Phase II trial in Prostate Cancer
This is the first trial of Aplidin in solid tumours to be carried out in the United States (US). This study will focus on patients with androgen-independent prostate cancer, relapsing or progressing after a previous line of docetaxel-based chemotherapy. The objective of the study is to determine the anti-tumour activity of Aplidin. The schedule is 5 mg/m2 given as a 3 hour intravenous infusion every 2 weeks for up to 12 cycles. 46 patients are expected to be enrolled in the trial.
Despite recent advances in disease management, no curative therapy currently exists for advanced prostate cancer. The available treatments, particularly in androgen-independent disease, are usually limited in terms of the duration of their efficacy. Consequently, median survival is less than 12 months after failure of initial androgen ablation for metastatic disease. Therefore, and particularly because of the high incidence of prostate cancer in the Western world, new therapeutic agents which would either improve tumour control or provide a cure are required.
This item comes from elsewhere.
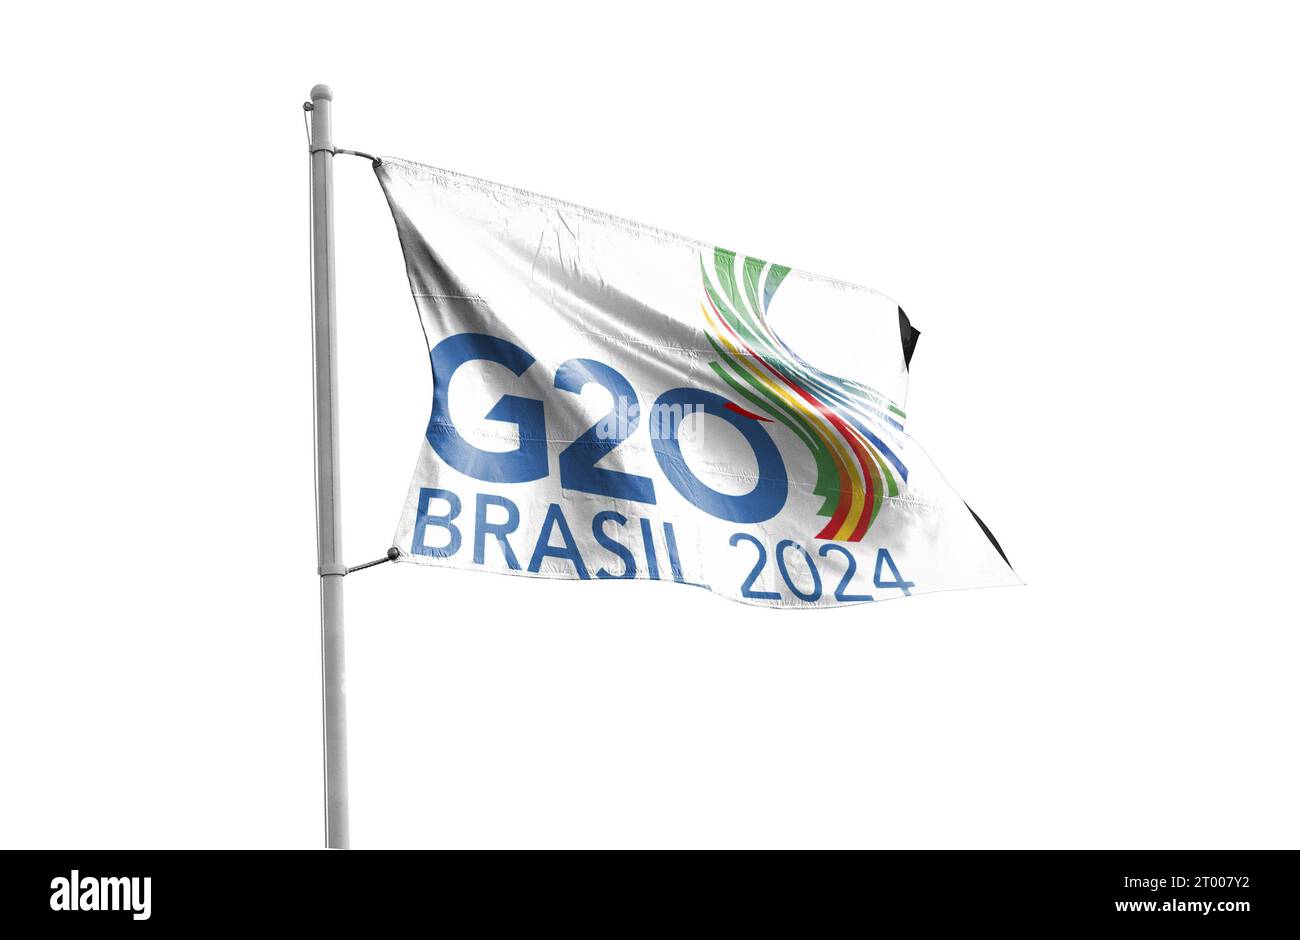 Le sommet du G20 de Rio de Janeiro en 2024 Banque D'Images

In 2005, over 230,000 new prostate cancer cases are projected in the US. With an estimated 29,900 deaths, prostate cancer is the second leading cause of cancer deaths in men in the US (2004, Cancer Facts and Figures, American Cancer Society). One in six American men will develop prostate cancer in the course of his lifetime (2004, Prostate Cancer Foundation). In the European Union, the incidence of new prostate cancer cases is around 198,000 each year (Globocan 2002, figures are for 25 EU countries).
Phase II trial in Bladder Cancer
This is a European multicentre study to evaluate the efficacy of Aplidin in patients with advanced or metastatic bladder cancer who have relapsed or progressed after first line chemotherapy. The primary end-point is objective tumour response. Based on the results from Phase I studies, Aplidin will be administered as a 3-hour infusion (5 mg/m2) every two weeks. The number of patients expected to be enrolled is 32.
Bladder cancer is the most common cancer of the urinary tract. The American Cancer Society estimates that more than 60,000 people were diagnosed and 12,700 died of this disease in the United States during 2004 (ACS, 2004). Men are affected three times more frequently than women.
In the EU approximately 111,000 patients are diagnosed with bladder cancer each year and 37,000 die from this disease (Globocan 2002, figures are for 25 EU countries). More than half of the patients with advanced bladder cancer experience recurrences.
Dr M.A. Izquierdo, Director of Clinical Development at PharmaMar, commented: "We are continuing to progress the development of Aplidin in both solid tumours and haematological malignancies in line with our business plan."
Notes to Editors
Aplidin is a cyclic peptide, originally isolated from the marine tunicate Aplidium albicans, currently obtained by total synthesis. It induces apoptosis rapidly and persistently, inhibits VEGF secretion and blocks cell-cycle.
It is currently in therapeutic exploratory clinical evaluation (phase II) in solid and haematological malignancies, including paediatrics. The clinical program involves hospitals in Europe, Canada and the US. Approximately 400 patients have been treated. In preclinical development, human leukaemia, myeloma and lymphoma tumor cell lines were shown to be particularly sensitive to Aplidin. There is no evidence of cross-resistance with commonly used therapeutic agents for haematological malignancies.
Aplidin shows no clinical evidence of relevant bone marrow toxicity. Its side effects are reversible and manageable (including muscular and liver biochemical alterations). Hair loss and oral ulcers are infrequent.
Aplidin was granted Orphan Drug Designations for the treatment of Acute Lymphoblastic Leukaemia in the European Union in 2003 and in the US in 2004. The US FDA and the EC granted ODD also for the treatment of Multiple Myeloma in 2004.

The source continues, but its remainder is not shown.